You can't even write a program that outputs one single irrational number. What you can do, is write a program which will output for example every decimal digit of some irrational number, one after the other, assuming unlimited resources and unlimited time, and which will output every single digit eventually (but will never output all digits). We count that as "outputting a number".
If you tried to write a program that first outputs all digits of π, followed by all digits of e, that wouldn't work because it never will finish outputting the digits of π. What you could do is output the first decimal of π, followed by the first decimal of e, followed by the second digits of π and e, and so on. So a program can output two (or three or four or a billion) irrational numbers, if we change the definition a bit.
You could write a program that outputs a countable infinite number of irrational numbers.
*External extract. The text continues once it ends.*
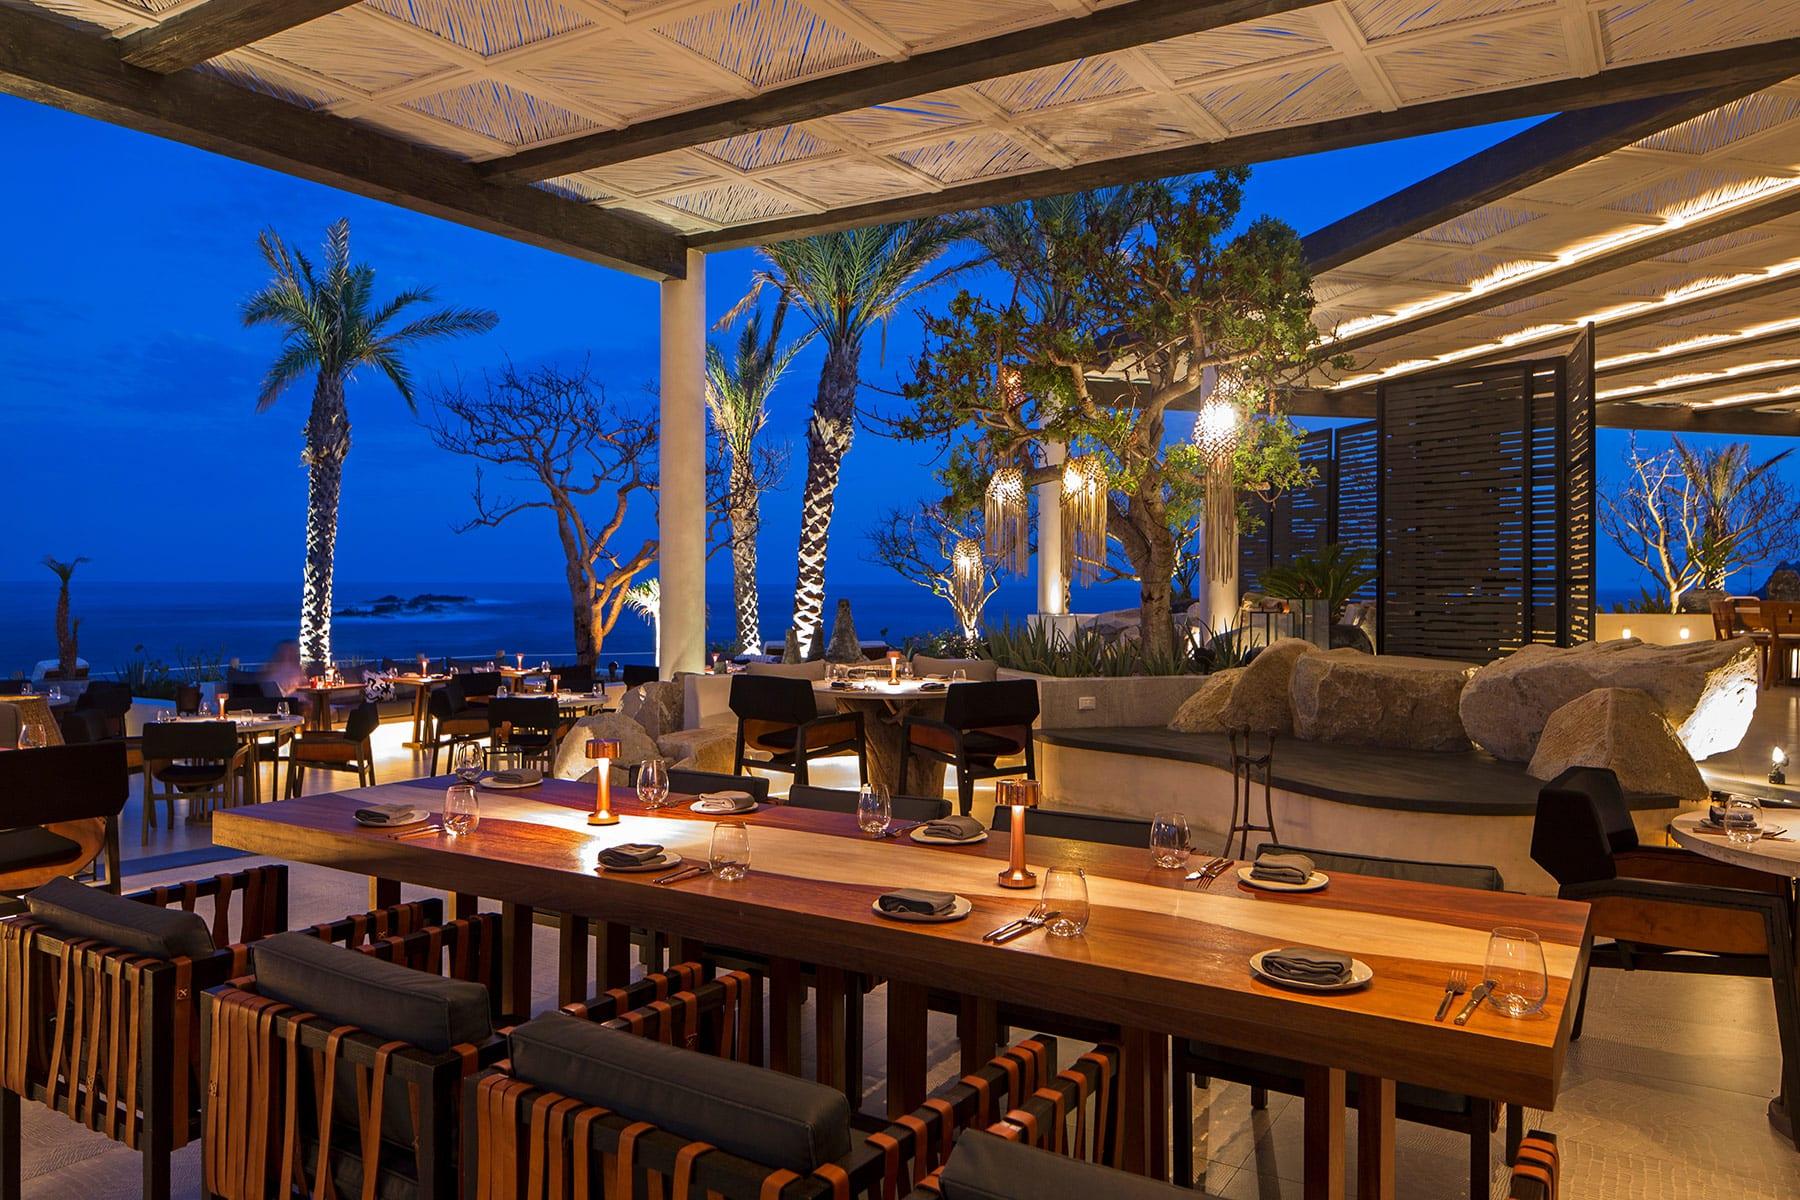 comal-cabo-restaurant-night.jpg

Start with the first digit of the first number. Then the second digit of the first, followed by the first digit of the second number. Then the 3rd digit of the first, 2nd digit of the second, and 1st digit of the third number, and so on forever. So this program would eventually output each digit of a countable infinite number of irrational numbers.
You can't extend this to an uncountable numbers. Being uncountable, it is impossible for example to output just the first digits of all these numbers.
So the best you can do, with a modified definition of what "outputting an irrational number" means, is that you can have a countable number of programs, which each calculate a countable number of irrational numbers, but countable times countable is still countable, so you cannot output all irrational numbers.